Mystical insights on Our Lady's Role in the Redemption. Adrienne Von Speyr was a convert to Catholicism, a medical doctor, wife, mystic and author of some 70 books on spirituality. In this profound work on Our Lady, Von Speyr explores Mary's participation with Christ in our redemption, and the unique relationship that each of us should have with our spiritual mother.
Adrienne von Speyr was a Swiss medical doctor and the author of over 60 books on spirituality and theology.
Von Speyr was born in La Chaux-de-Fonds, Switzerland. Her father, Theodor von Speyr, was an ophthalmologist. Her mother, Laure Girard, was the descendant of a family of noted watchmakers and jewelers from Geneva and Neuenburg. Speyr was her parents' second child.

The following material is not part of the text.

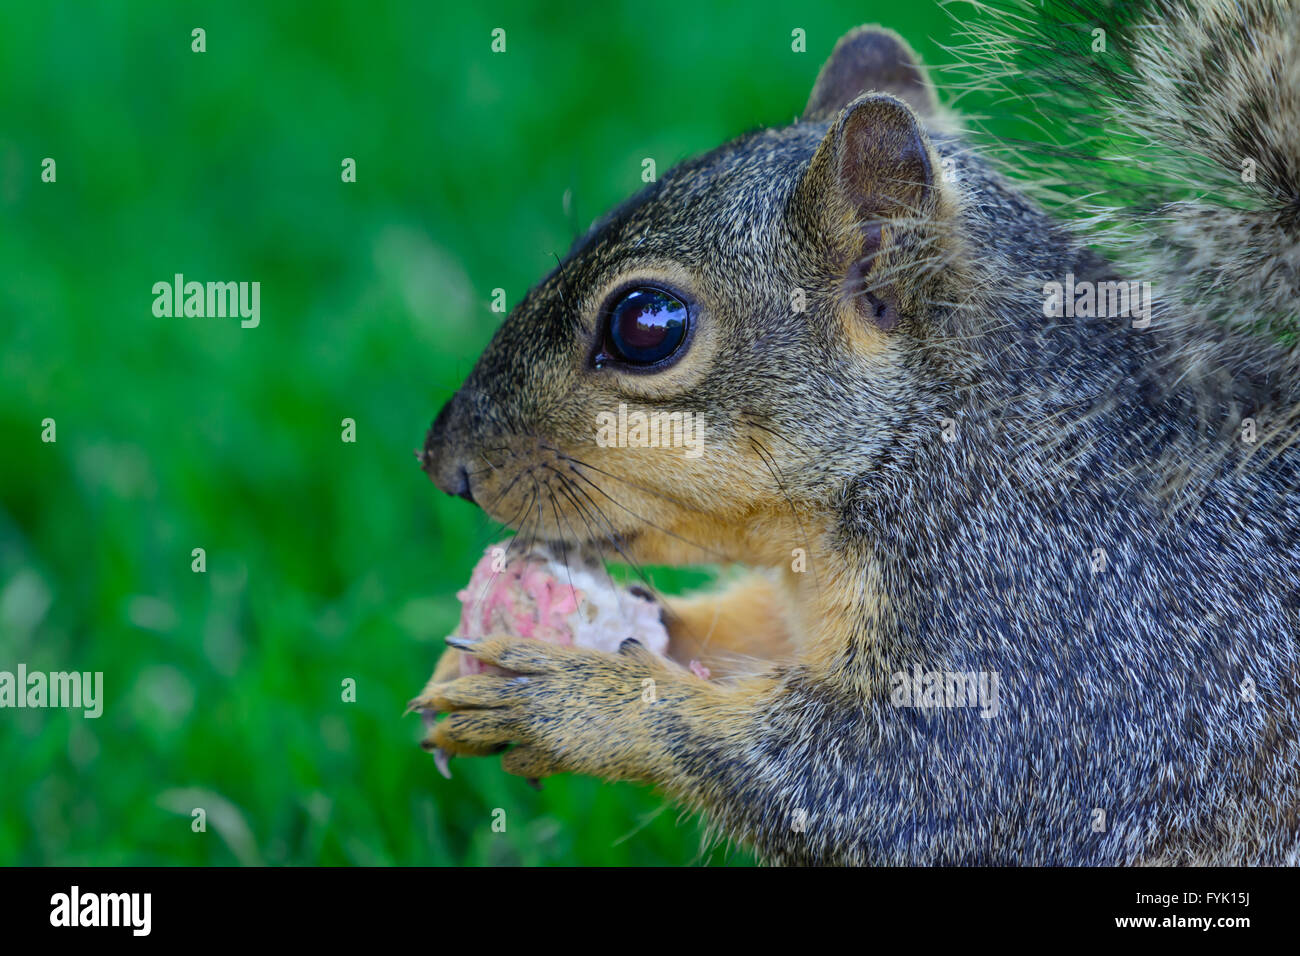 Nahaufnahme von Eichhörnchen hält einen Rettich Seitenprofil detaillierte Gesicht Ohren Pfoten Augen. Selektiven Fokus vorwärts Stockfoto

Speyr's mother scolded her daily and this led her to form a strong trust and devotion to God, as well as a recognition of the meaning of sacrifice and renunciation. She formed a deep relationship with her grandmother, a holy and pious woman. She also had a devotion to her father, who treated her with mutual respect and understanding, often taking her with him to the hospital to visit sick children. In her primary school years she began working with the poor and even formed a society with her friends for those living in poverty.
Speyr became a Roman Catholic on 1 November 1940, the Feast of All Saints, when she was 38, under the spiritual direction of the prominent priest and theologian Hans Urs von Balthasar.
She is considered by many to have been a mystic and is reputed to have had mystical experiences of the Trinity and the saints.
While in a state of contemplative, mystical prayer, she dictated to Balthasar over 60 books, including commentaries on the Bible and various theological topics. With Balthasar she co-founded a secular institute, the Johannesgemeinschaft (Community of St. John). Her reputed mystical experiences grew in frequency until her death in Basel, Switzerland, on 17 September 1967.
It is a theological work on Mariology which is very short, dense and repetitive.
Repetitive because it is a collection of writings that deals with Mary and her role in Redemption. And so, inevitably the concepts reappear.
It is dense because it deals with many of the mysteries and dogmatic teachings of the Catholic Church. And everything is explained in short chapters. For instance, the explanation for the dogma of Mary being Co-Redemptrix is so dense that one has to read the sentences over and over again to understand the logic of Adrienne von Speyr. The other dogmatic teachings on Mary, such as, The Immaculate Conception (pre-redemption of Mary); Mary, as the Mother of God and Church; Coronation of Mary in Heaven; Mary, the Virgin-Mother; Incarnation and Mary's Role (the Fiat); etc all of them get explained in short chapters. In other words each chapter is very dense.
As Hans Urs von Balthasar says in the intrduction, may be I should have started with Adrienne Von Speyr's masterpiece, Handmaid of the Lord. I will have to try reading more of her writings.
Note: Some of her observations are very similar to Caryll Houselander opinions in The Reed of God. Only that Caryll spoke in simple terms and Adrienne speaks in theological terms.